Related: Women's March on Washington: What yous need to know

Indira Cesarine sits at a table at the back of the bright white gallery the calendar week before the opening of "Uprise/Aroused Women," artwork in boxes up front waiting to be unveiled and hung. The morning after the election, she says she and her staff gathered tearfully around a computer to scout Clinton's concession voice communication. They'd been following the campaigns, and Trump's recurring sexism and assailment toward women, with dismay.

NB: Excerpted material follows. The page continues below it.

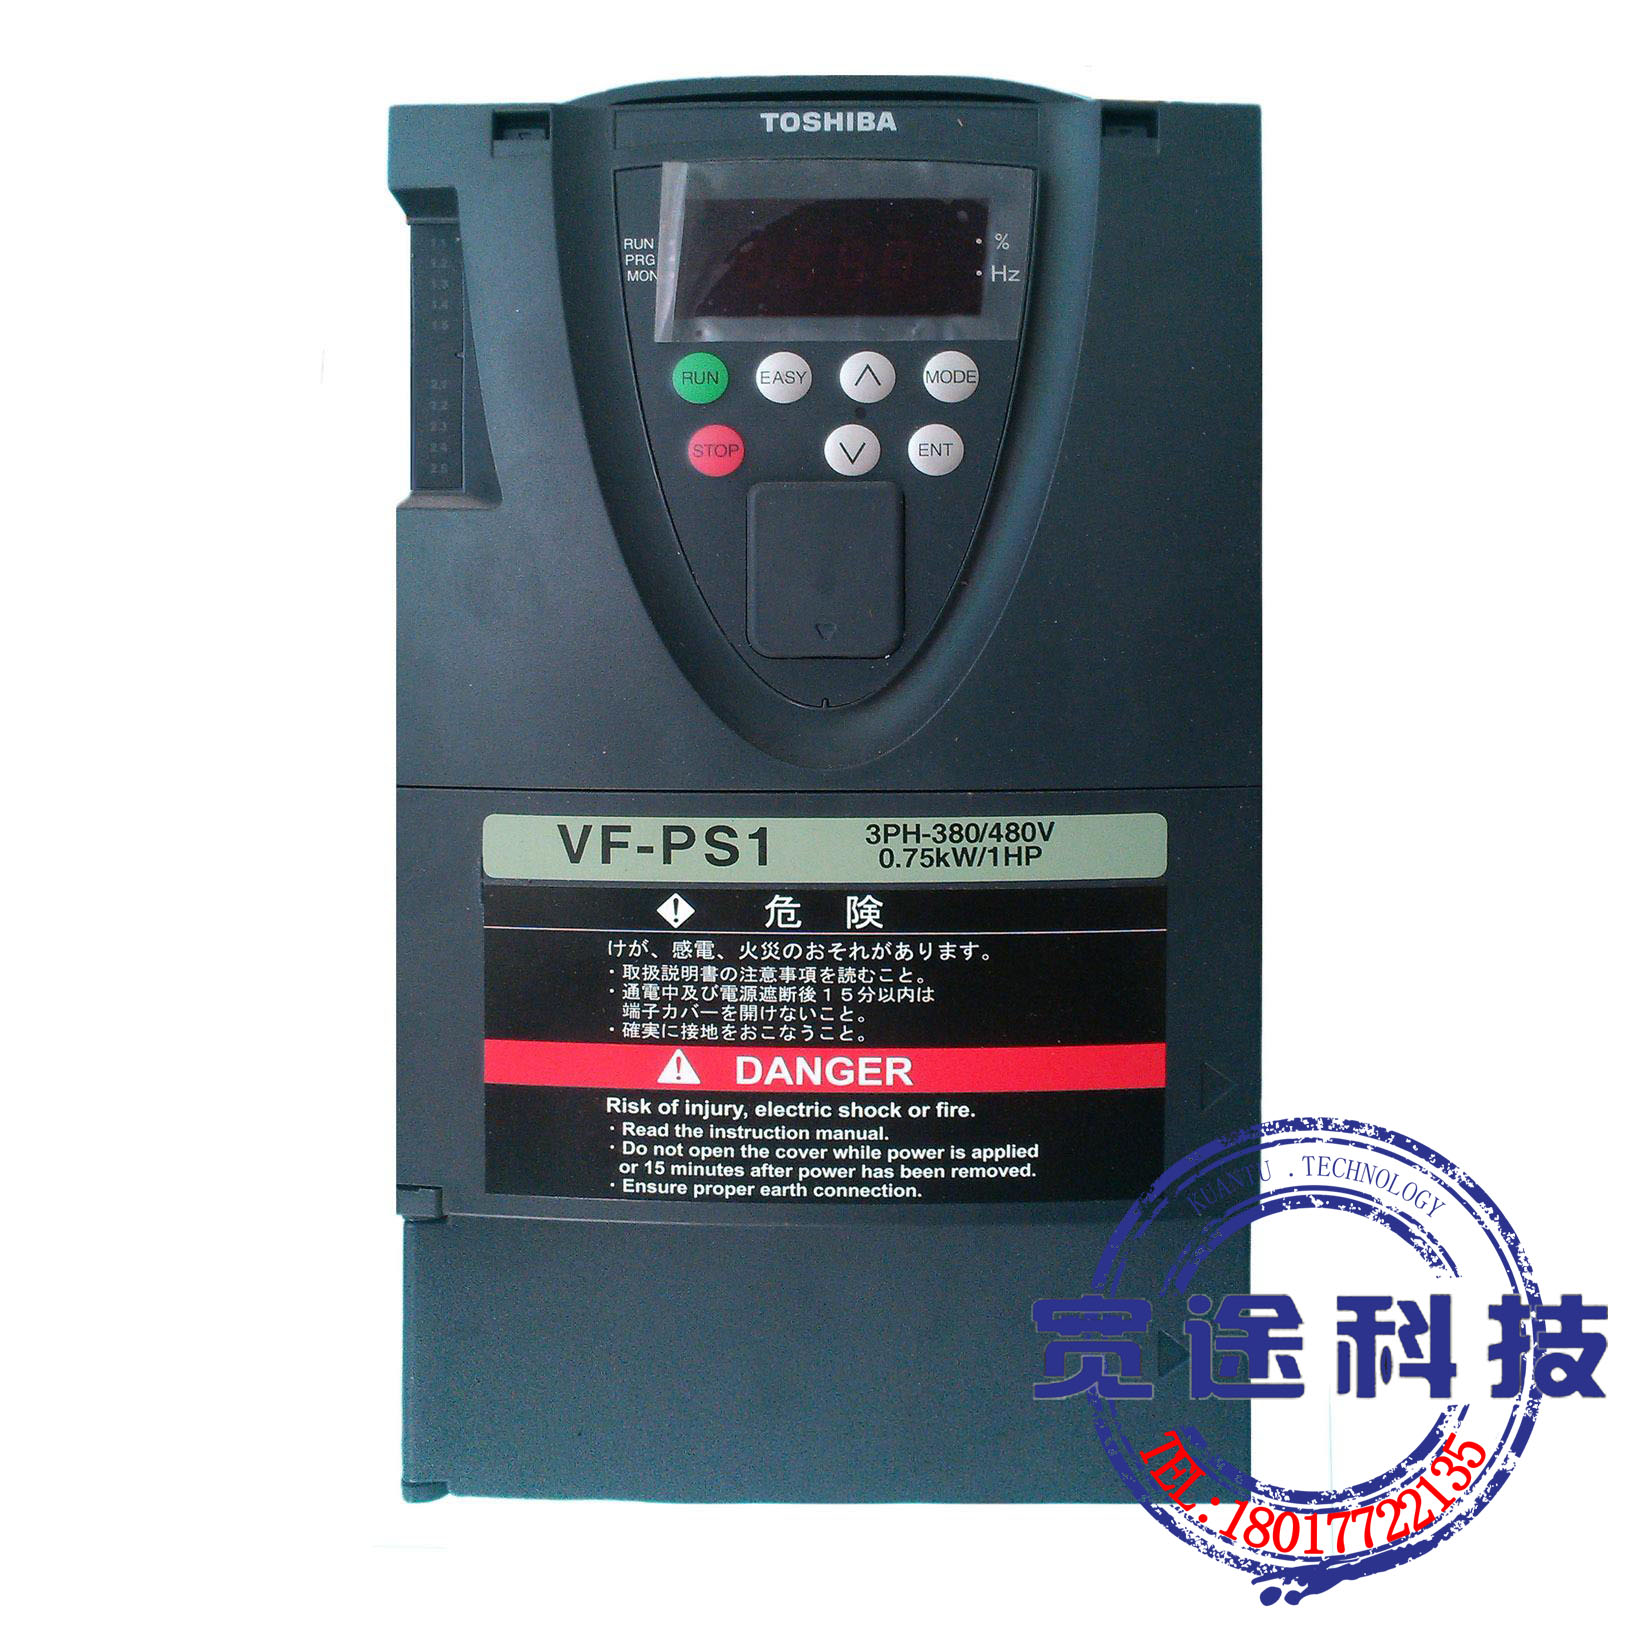 VFnC3S-2002PL 0.2kW 内置PI功能 东芝
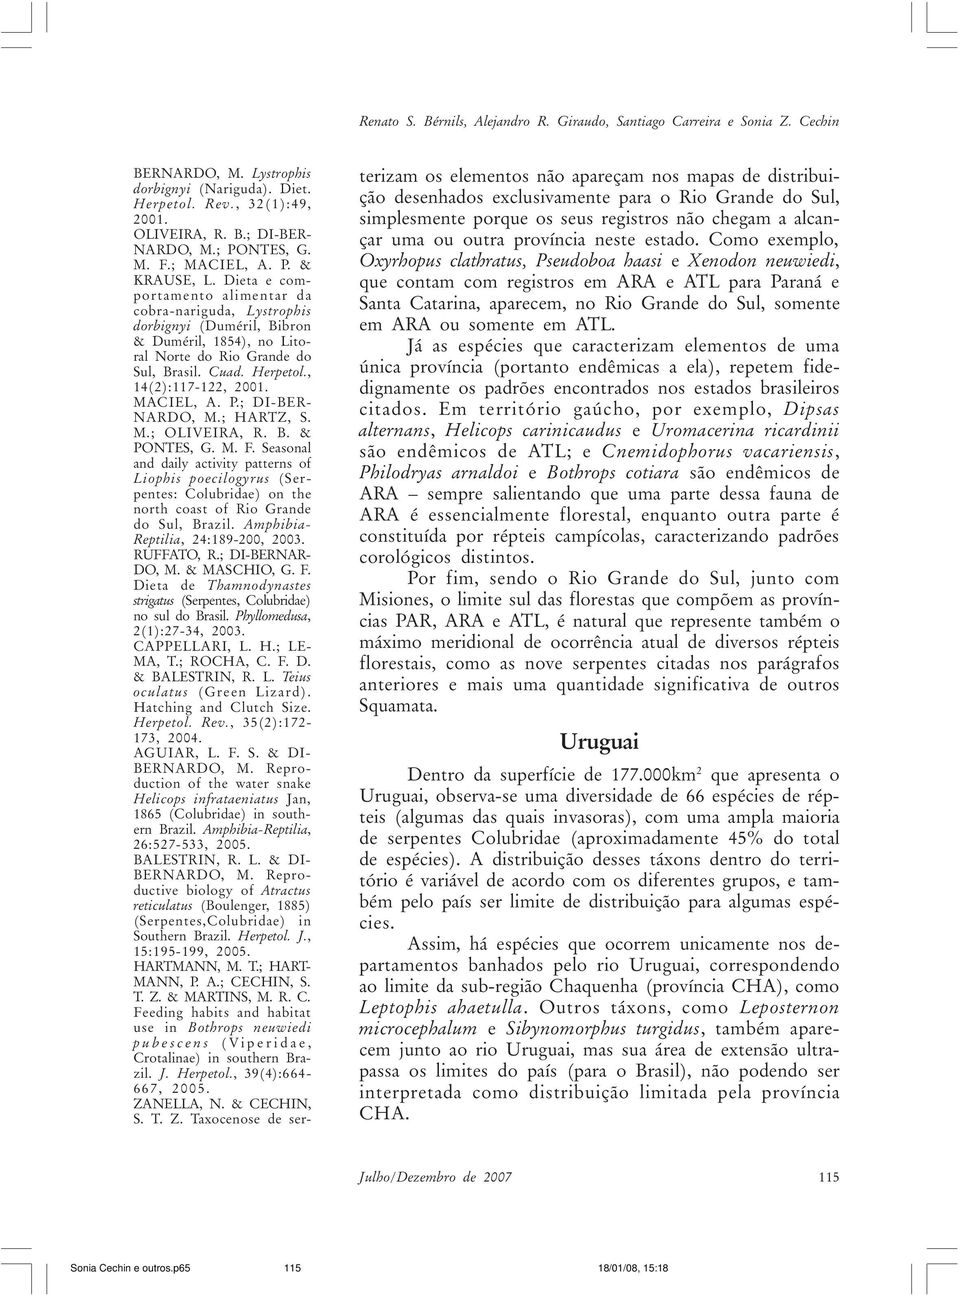 Cuad. Herpetol., 14(2):117-122, 2001. MACIEL, A. P.; DI-BER- NARDO, M.; HARTZ, S. M.; OLIVEIRA, R. B. & PONTES, G. M. F.

"From his attitude towards women'due south looks and what makes a woman beautiful to his 'nasty woman' comment about Hillary Clinton, to his prerogative of thinking he can grab pussies because he'southward successful or that women should be punished for having abortions. But the collective of everything he's said. And then Mike Pence too," Cesarine says. "All these people that voted him in… clearly retrieve it'due south okay. Isn't it astonishing that that's been accepted in our state?"

When she woke up on Nov 9 to the news that Trump had prevailed over Clinton, "I was just in shock, and I felt like immediately my response was, I desire to create and exhibit and give a platform to female artists around America to respond to this," says Cesarine, a photographer and artist who founded The Untitled Space in 2014 as a platform for women in fine art and to promote feminist art equally a genre. "Art tin can be an act of protest in itself. Information technology tin can exist a goad for change. Information technology can inspire people, empower people."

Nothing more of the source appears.